_STORED DATA_:
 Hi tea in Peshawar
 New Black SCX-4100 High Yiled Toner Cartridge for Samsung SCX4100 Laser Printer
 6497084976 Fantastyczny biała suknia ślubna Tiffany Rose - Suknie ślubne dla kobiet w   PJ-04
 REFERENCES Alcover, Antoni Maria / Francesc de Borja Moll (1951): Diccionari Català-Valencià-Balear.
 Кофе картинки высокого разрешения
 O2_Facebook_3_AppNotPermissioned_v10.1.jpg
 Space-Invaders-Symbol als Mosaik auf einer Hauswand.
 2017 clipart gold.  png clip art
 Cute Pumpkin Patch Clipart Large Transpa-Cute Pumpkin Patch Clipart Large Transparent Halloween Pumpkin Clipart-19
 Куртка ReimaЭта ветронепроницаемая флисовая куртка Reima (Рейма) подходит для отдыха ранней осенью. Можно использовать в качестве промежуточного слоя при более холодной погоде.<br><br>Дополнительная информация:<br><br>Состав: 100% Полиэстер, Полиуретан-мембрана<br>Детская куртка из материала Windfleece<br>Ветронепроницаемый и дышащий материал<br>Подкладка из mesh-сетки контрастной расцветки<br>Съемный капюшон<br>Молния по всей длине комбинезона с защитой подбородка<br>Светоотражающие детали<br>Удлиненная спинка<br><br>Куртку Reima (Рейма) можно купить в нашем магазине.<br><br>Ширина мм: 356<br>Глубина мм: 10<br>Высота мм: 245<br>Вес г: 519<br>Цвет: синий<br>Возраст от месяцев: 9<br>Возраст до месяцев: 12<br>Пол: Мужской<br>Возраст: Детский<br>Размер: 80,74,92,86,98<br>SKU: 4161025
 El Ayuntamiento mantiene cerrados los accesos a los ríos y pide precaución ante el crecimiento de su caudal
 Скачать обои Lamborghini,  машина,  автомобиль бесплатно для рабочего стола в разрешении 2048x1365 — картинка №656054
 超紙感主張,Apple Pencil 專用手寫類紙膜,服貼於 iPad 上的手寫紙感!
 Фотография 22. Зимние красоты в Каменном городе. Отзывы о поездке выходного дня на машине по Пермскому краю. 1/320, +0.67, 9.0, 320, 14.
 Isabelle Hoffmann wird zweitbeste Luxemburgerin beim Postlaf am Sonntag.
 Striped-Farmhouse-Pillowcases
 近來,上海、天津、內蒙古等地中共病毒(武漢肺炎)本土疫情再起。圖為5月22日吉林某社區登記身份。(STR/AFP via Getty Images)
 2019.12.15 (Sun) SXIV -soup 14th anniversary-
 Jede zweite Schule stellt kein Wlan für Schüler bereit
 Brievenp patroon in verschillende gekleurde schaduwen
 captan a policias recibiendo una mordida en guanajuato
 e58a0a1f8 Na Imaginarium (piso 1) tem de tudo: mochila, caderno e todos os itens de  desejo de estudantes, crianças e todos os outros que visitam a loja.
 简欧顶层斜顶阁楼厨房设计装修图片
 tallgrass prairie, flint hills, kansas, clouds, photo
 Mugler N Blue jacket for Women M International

_YOUR TASK_: Locate "e58a0a1f8 Na Imaginarium" in the material, then quote the line that contains it and all lines after it through the final one.

_ANSWER BELOW_:
 e58a0a1f8 Na Imaginarium (piso 1) tem de tudo: mochila, caderno e todos os itens de  desejo de estudantes, crianças e todos os outros que visitam a loja.
 简欧顶层斜顶阁楼厨房设计装修图片
 tallgrass prairie, flint hills, kansas, clouds, photo
 Mugler N Blue jacket for Women M International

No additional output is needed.